The subjects of the Chief Outina were accustomed every year, a little before their spring – that is, in the end of February – to take the skin of the largest stag they could get, keeping the horns on it; to stuff it full of all the choicest sorts of roots that grow among them, and to hang long wreaths or garlands of the best fruits on the horns, neck, and other parta of the body. Thus decorated, they carried it, with music and songs, to a very large and splendid level space, where they set it up on a very high tree, with the head and breast toward the sunrise. They then offered prayers to the sun, that he would cause to grow on their lands good things such as those offered him. The chief, with his sorcerer, stands nearest the tree and offers the prayer; the common people, placed at a distance, make responses. Then the chief and all the rest, saluting the sun, depart, leaving the deer’s hide there until the next year. This ceremony they repeat annually. 2

Pareja says that there were many different ceremonies, varying from tribe to tribe, and he mentions one called “the ceremony of the laurel performed to serve the Demon.” 3 When passing a ledge in the ocean where surf broke, the Timucua Indian whistled to it so that he would not be upset, and he also whistled to the storm to make it stop. 4

If we may believe Le Moyne, the high opinion in which chiefs were held had resulted in a kind of chief cult accompanied by human sacrifice:

Their custom is to offer up the first-born son to the chief.
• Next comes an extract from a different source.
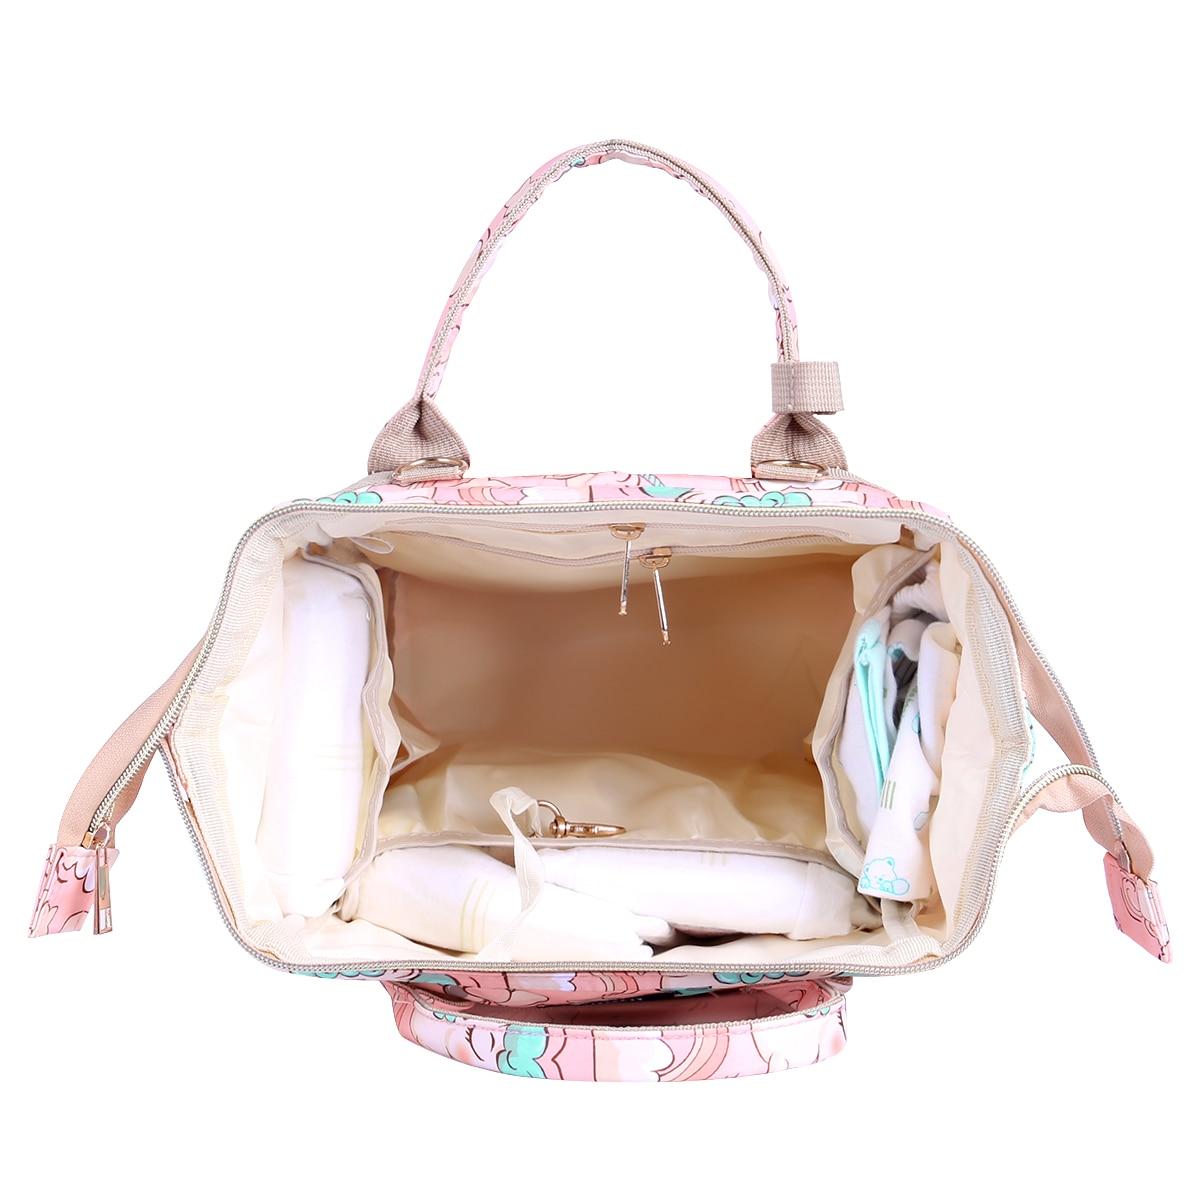 H35c4e497fdcf423da71f649baf739957p Diaper Bag Backpack For Moms Waterproof Large Capacity Stroller Diaper Organizer Unicorn Maternity Bags Nappy Changing Baby Bag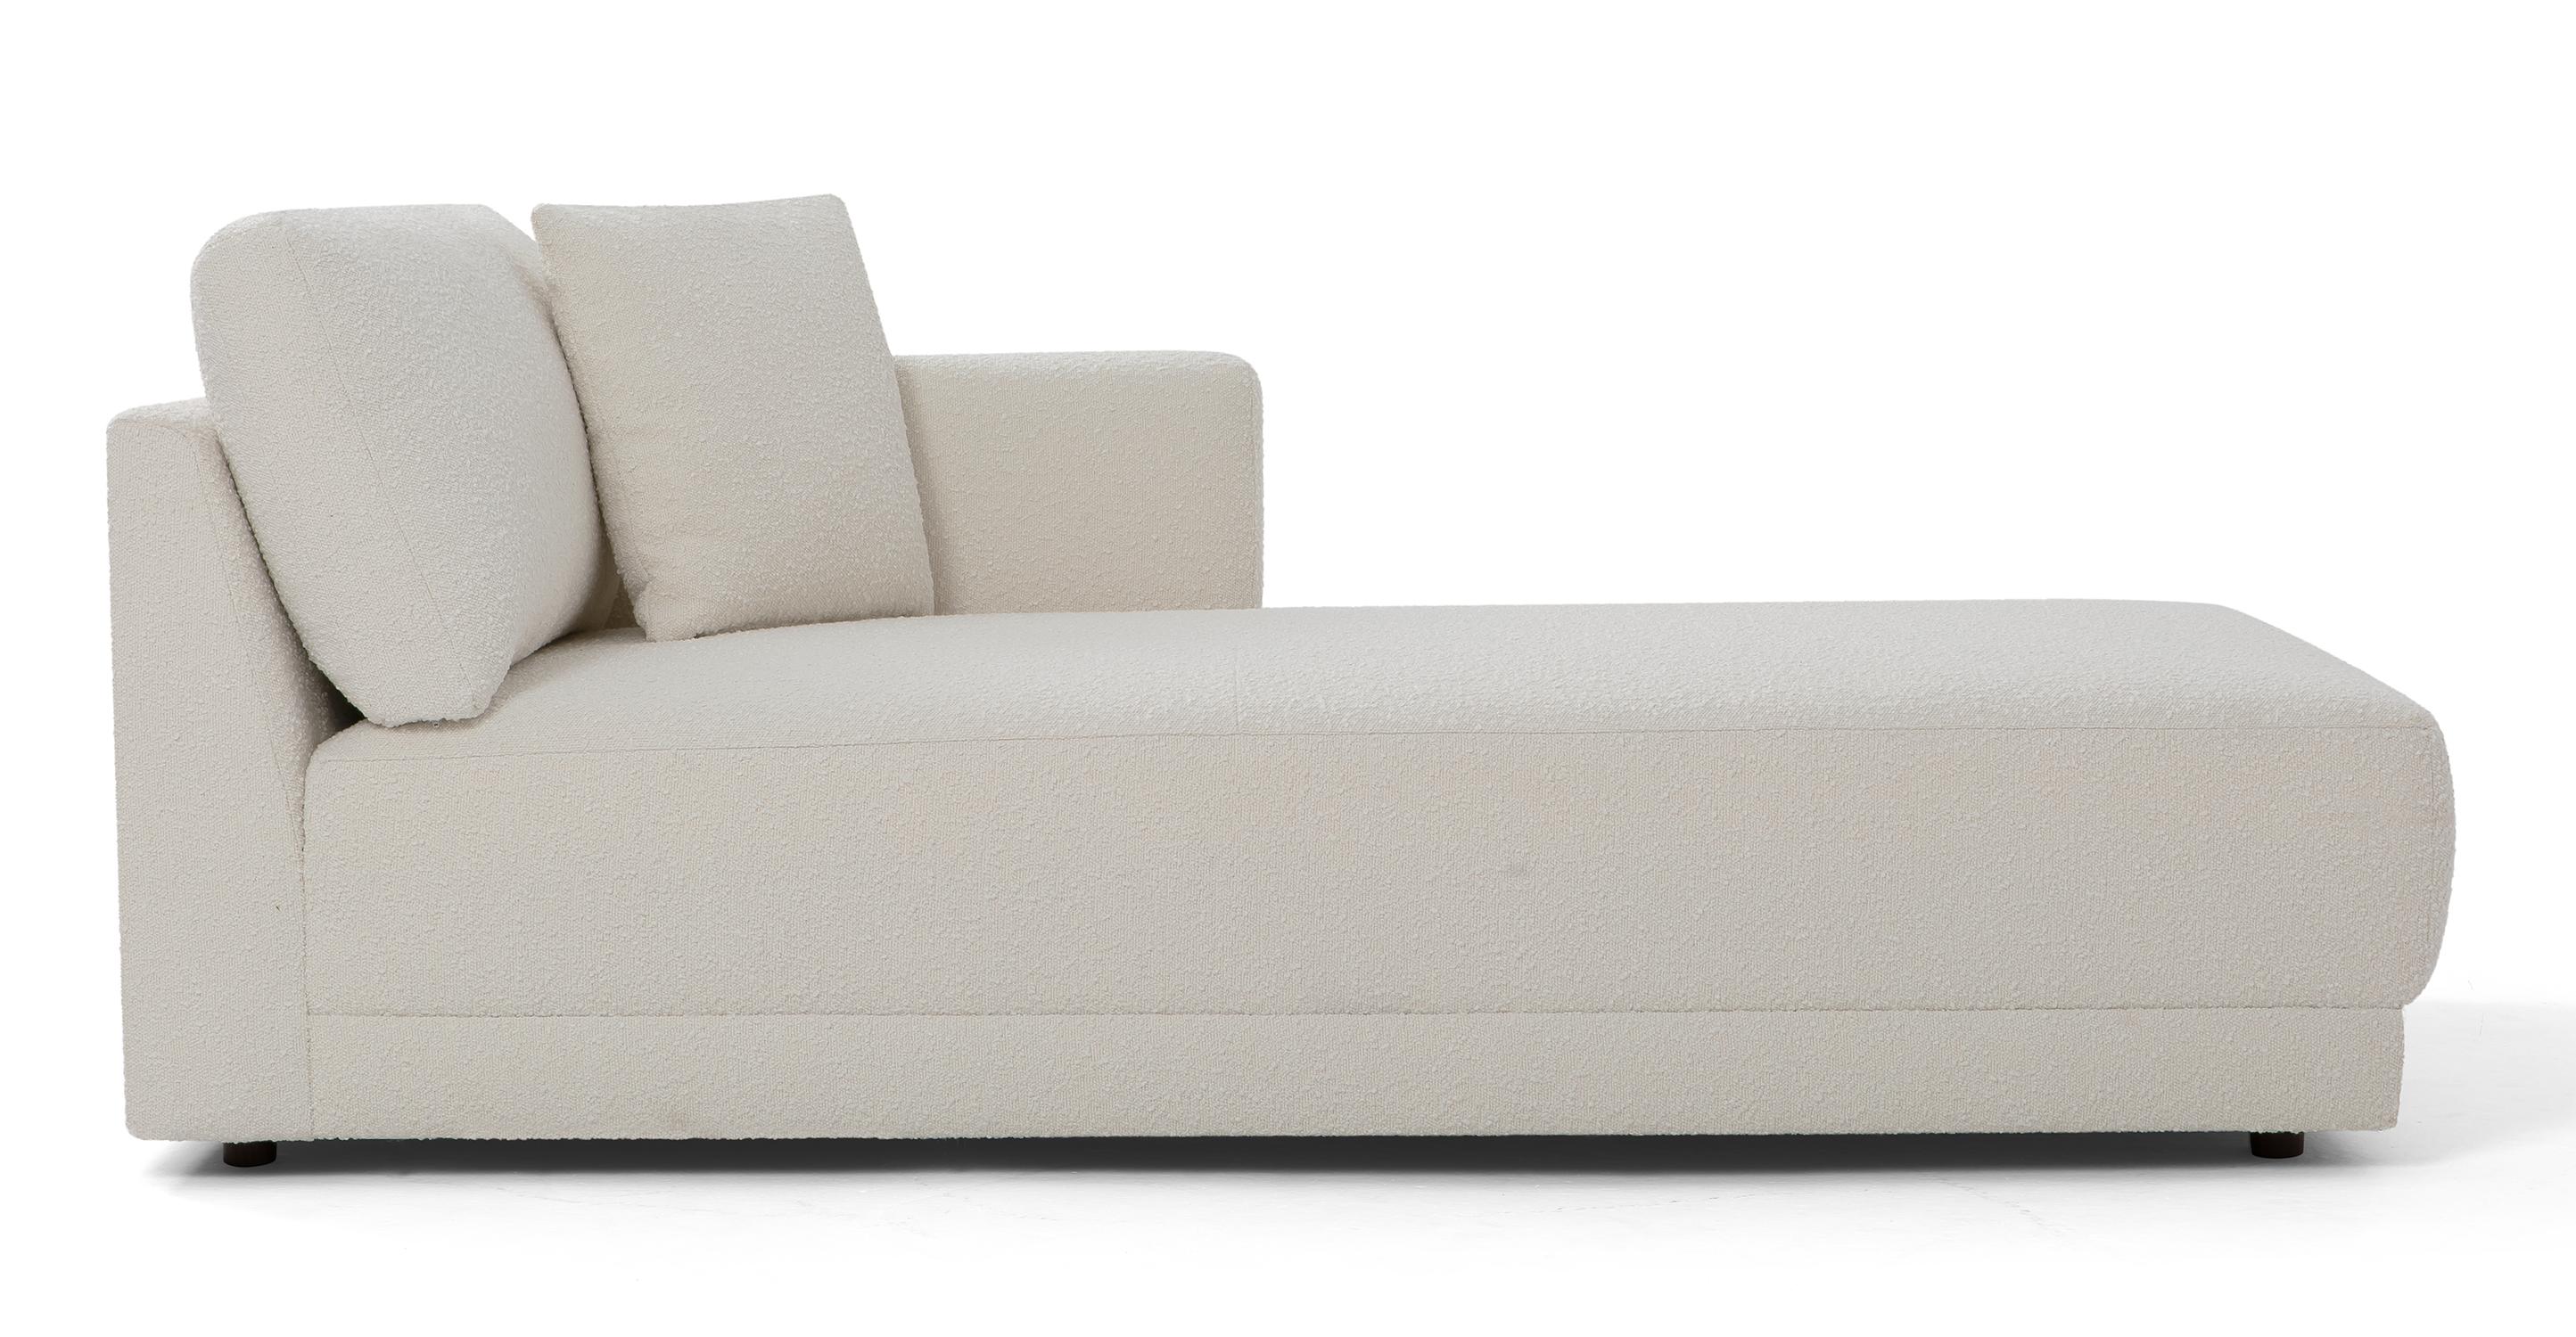 "Domus 39"" Right Chaise Fabric Sofa, Blanc Boucle"

When the day for the sacrifice is notified to the chief, he proceeds to a place set apart for the purpose, where there is a bench for him, on which he takes his seat. In the middle of the area before him is a wooden stump two feet high, and as many thick, before which the mother sits on her heels, with her face covered in her hands, lamenting the loss of her child. The principal one of her female relatives or friends now offers the child to the chief in worship, after which the women who have accompanied the mother form a circle, and dance around with demonstrations of joy, but without joining hands. She who holds the child goes and dances in the middle, singing some praises of the chief. Meanwhile, six Indians, chosen for the purpose, take their stand apart in a certain place in the open area; and midway among them the sacrificing officer, who is decorated with a sort of magnificence, and holds a club. The ceremonies being through, the sacrificer takes the child, and slays it in honor of the chief, before them all, upon the wooden stump. The offering was on one occasion performed in our presence. 5

This suggests, in away, the rites and customs of the Natchez Indians.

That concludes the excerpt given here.